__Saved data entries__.
- - -
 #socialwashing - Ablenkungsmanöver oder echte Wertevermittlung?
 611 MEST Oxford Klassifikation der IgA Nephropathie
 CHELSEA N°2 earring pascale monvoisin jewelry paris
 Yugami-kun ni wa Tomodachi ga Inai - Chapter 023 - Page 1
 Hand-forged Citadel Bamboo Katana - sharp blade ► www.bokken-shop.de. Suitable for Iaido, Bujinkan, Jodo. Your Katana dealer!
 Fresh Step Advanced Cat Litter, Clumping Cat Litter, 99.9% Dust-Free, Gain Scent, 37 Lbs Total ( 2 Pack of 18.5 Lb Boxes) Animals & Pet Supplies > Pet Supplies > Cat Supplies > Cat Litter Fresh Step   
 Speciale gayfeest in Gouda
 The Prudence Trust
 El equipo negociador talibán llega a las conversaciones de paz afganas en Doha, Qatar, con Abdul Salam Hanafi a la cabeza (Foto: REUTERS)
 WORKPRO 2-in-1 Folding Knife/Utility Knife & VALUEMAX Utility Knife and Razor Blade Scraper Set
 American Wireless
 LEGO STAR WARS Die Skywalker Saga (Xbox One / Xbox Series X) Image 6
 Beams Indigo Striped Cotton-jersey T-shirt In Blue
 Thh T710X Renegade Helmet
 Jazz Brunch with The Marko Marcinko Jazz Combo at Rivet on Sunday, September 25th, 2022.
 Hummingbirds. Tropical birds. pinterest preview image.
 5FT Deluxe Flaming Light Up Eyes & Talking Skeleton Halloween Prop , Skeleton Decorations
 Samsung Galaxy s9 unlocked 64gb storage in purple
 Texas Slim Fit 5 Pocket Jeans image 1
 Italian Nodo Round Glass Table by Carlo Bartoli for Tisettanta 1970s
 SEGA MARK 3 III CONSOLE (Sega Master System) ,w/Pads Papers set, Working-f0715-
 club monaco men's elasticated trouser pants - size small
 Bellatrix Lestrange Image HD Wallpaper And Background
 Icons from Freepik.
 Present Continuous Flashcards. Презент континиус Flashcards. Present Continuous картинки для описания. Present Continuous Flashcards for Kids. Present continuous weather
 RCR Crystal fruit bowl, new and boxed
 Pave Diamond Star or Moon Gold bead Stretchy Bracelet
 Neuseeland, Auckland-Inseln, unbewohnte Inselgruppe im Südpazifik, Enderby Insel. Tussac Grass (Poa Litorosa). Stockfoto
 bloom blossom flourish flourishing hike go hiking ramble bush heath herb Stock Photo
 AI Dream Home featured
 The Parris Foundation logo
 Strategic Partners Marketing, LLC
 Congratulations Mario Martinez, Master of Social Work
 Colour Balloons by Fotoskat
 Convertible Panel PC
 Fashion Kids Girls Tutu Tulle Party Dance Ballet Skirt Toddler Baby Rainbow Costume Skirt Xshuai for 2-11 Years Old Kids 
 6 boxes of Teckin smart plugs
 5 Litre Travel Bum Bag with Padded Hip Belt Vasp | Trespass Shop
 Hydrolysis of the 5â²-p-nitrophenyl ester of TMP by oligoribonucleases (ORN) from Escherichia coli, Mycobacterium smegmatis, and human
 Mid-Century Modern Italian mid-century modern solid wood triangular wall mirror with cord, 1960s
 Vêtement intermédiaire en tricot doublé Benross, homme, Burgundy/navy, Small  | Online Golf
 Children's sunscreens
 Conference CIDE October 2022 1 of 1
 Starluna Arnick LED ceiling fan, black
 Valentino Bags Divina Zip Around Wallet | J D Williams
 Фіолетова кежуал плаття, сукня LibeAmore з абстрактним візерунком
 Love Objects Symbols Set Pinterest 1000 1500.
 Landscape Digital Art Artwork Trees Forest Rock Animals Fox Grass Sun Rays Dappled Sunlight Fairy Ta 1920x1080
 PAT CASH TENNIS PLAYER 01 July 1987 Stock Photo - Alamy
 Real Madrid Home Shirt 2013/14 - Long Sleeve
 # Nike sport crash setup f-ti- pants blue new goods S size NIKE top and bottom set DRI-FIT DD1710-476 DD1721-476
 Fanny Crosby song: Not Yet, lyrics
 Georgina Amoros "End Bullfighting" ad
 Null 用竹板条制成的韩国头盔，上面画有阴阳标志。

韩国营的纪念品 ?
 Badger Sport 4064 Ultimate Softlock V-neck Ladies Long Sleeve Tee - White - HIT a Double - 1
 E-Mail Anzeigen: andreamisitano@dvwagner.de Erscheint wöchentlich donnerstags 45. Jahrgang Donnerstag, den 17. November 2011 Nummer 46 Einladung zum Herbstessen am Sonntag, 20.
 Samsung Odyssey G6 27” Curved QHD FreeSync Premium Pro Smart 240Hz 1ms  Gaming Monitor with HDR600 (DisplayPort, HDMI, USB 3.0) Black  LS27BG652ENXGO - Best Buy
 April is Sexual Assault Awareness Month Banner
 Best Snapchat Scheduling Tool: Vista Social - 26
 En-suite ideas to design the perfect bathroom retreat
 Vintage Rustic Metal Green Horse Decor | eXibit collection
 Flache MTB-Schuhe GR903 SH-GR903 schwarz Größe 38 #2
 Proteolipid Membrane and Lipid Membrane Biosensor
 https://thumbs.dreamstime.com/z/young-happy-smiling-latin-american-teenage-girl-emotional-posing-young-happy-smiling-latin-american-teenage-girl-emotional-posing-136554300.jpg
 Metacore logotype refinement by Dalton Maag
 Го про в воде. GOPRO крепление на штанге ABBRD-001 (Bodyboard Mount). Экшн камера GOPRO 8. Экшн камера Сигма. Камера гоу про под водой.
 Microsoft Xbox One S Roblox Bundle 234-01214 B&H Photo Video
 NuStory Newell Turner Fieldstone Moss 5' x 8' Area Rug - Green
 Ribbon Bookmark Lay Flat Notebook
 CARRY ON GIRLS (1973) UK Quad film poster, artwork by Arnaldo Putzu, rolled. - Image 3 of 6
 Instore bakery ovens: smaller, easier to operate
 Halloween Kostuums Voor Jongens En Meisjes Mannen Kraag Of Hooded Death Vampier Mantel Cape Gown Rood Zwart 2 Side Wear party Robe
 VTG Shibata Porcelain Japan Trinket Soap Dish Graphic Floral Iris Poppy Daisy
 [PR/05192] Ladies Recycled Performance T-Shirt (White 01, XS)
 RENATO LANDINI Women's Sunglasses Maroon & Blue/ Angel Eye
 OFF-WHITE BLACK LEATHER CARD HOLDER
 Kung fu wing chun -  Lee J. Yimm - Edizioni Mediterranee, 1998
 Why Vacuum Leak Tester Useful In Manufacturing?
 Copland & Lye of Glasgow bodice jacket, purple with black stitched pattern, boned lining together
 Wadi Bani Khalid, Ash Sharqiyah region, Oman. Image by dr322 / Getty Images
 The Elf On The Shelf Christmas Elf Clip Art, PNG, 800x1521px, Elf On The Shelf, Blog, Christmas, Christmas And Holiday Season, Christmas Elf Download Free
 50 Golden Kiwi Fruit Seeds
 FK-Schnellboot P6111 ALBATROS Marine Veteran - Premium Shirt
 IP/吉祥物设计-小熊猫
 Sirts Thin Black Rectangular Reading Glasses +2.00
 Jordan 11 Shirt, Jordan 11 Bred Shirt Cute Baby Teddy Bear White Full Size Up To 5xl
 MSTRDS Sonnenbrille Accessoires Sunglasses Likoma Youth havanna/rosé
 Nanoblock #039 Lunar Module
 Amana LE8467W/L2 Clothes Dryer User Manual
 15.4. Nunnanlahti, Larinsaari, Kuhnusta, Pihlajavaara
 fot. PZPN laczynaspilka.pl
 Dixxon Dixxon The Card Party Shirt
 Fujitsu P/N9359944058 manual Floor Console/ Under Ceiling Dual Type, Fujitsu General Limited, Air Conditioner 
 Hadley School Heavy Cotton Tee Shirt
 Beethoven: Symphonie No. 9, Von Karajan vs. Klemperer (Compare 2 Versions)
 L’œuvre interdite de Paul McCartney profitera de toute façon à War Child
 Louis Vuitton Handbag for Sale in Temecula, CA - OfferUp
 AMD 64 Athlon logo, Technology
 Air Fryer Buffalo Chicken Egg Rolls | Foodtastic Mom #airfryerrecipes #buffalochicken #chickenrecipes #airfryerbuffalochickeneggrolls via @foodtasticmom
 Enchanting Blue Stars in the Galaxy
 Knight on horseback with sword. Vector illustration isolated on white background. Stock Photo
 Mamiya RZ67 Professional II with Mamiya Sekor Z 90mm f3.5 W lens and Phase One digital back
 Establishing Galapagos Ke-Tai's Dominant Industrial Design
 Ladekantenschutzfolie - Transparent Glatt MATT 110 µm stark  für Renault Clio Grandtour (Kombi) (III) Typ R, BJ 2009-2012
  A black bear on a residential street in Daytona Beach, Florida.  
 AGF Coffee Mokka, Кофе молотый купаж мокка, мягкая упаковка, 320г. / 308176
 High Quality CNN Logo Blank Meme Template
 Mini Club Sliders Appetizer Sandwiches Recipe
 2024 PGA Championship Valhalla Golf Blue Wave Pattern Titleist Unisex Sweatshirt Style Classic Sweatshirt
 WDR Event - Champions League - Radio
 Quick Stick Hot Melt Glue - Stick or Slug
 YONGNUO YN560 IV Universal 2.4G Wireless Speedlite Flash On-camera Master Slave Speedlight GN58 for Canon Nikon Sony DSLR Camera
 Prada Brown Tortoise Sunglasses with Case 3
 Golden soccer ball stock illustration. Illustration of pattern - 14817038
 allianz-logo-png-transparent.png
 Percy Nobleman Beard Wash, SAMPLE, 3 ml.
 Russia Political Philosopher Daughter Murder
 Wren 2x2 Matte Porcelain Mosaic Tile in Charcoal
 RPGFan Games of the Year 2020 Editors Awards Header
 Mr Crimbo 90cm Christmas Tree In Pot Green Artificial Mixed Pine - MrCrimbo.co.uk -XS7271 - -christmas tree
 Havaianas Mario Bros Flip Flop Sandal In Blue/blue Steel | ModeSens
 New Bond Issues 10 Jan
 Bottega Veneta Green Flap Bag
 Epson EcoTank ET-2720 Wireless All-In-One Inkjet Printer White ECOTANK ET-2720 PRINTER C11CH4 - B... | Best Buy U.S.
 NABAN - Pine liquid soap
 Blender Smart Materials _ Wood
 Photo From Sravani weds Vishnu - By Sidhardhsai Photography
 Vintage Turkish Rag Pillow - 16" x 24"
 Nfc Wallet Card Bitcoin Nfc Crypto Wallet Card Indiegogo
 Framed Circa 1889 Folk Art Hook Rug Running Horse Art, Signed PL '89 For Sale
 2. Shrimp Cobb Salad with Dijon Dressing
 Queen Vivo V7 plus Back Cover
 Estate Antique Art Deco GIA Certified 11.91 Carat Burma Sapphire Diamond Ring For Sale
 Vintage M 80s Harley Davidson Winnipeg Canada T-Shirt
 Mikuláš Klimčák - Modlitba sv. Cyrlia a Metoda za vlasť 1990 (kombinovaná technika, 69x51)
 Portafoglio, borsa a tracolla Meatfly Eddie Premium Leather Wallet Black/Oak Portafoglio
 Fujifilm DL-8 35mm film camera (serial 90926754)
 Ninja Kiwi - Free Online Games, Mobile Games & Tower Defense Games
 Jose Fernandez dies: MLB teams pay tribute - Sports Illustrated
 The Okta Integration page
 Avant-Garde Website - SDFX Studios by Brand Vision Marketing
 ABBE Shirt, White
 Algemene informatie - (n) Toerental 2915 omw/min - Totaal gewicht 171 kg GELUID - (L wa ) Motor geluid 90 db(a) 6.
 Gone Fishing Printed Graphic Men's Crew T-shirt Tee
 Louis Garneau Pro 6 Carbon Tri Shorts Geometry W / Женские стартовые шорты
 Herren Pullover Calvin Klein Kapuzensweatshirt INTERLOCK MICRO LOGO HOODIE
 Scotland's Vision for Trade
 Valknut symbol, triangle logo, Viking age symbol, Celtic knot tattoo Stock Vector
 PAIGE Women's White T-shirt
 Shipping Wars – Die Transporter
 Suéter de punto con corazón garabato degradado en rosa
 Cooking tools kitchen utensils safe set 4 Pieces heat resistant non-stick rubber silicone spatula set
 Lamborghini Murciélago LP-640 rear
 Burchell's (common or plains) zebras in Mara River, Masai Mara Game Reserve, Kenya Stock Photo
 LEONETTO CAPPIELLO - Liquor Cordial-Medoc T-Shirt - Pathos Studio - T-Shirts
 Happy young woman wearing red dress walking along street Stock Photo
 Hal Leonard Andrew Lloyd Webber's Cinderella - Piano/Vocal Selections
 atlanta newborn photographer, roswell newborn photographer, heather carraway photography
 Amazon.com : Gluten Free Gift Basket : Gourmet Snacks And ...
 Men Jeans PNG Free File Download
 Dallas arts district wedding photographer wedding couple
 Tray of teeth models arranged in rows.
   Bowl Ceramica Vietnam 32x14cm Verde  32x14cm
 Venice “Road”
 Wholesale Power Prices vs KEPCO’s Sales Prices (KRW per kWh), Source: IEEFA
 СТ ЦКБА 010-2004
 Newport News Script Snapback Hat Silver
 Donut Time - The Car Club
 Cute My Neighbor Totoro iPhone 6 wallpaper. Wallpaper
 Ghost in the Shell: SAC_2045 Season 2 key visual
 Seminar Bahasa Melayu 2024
- - -
__WHAT IS EXPECTED__. From the data above, reproduce word for word the lines running from the line with "Russia Political Philosopher Daughter Murder" to the line with "Shipping Wars – Die Transporter", ends included.

__EXPECTED OUTPUT__.
 Russia Political Philosopher Daughter Murder
 Wren 2x2 Matte Porcelain Mosaic Tile in Charcoal
 RPGFan Games of the Year 2020 Editors Awards Header
 Mr Crimbo 90cm Christmas Tree In Pot Green Artificial Mixed Pine - MrCrimbo.co.uk -XS7271 - -christmas tree
 Havaianas Mario Bros Flip Flop Sandal In Blue/blue Steel | ModeSens
 New Bond Issues 10 Jan
 Bottega Veneta Green Flap Bag
 Epson EcoTank ET-2720 Wireless All-In-One Inkjet Printer White ECOTANK ET-2720 PRINTER C11CH4 - B... | Best Buy U.S.
 NABAN - Pine liquid soap
 Blender Smart Materials _ Wood
 Photo From Sravani weds Vishnu - By Sidhardhsai Photography
 Vintage Turkish Rag Pillow - 16" x 24"
 Nfc Wallet Card Bitcoin Nfc Crypto Wallet Card Indiegogo
 Framed Circa 1889 Folk Art Hook Rug Running Horse Art, Signed PL '89 For Sale
 2. Shrimp Cobb Salad with Dijon Dressing
 Queen Vivo V7 plus Back Cover
 Estate Antique Art Deco GIA Certified 11.91 Carat Burma Sapphire Diamond Ring For Sale
 Vintage M 80s Harley Davidson Winnipeg Canada T-Shirt
 Mikuláš Klimčák - Modlitba sv. Cyrlia a Metoda za vlasť 1990 (kombinovaná technika, 69x51)
 Portafoglio, borsa a tracolla Meatfly Eddie Premium Leather Wallet Black/Oak Portafoglio
 Fujifilm DL-8 35mm film camera (serial 90926754)
 Ninja Kiwi - Free Online Games, Mobile Games & Tower Defense Games
 Jose Fernandez dies: MLB teams pay tribute - Sports Illustrated
 The Okta Integration page
 Avant-Garde Website - SDFX Studios by Brand Vision Marketing
 ABBE Shirt, White
 Algemene informatie - (n) Toerental 2915 omw/min - Totaal gewicht 171 kg GELUID - (L wa ) Motor geluid 90 db(a) 6.
 Gone Fishing Printed Graphic Men's Crew T-shirt Tee
 Louis Garneau Pro 6 Carbon Tri Shorts Geometry W / Женские стартовые шорты
 Herren Pullover Calvin Klein Kapuzensweatshirt INTERLOCK MICRO LOGO HOODIE
 Scotland's Vision for Trade
 Valknut symbol, triangle logo, Viking age symbol, Celtic knot tattoo Stock Vector
 PAIGE Women's White T-shirt
 Shipping Wars – Die Transporter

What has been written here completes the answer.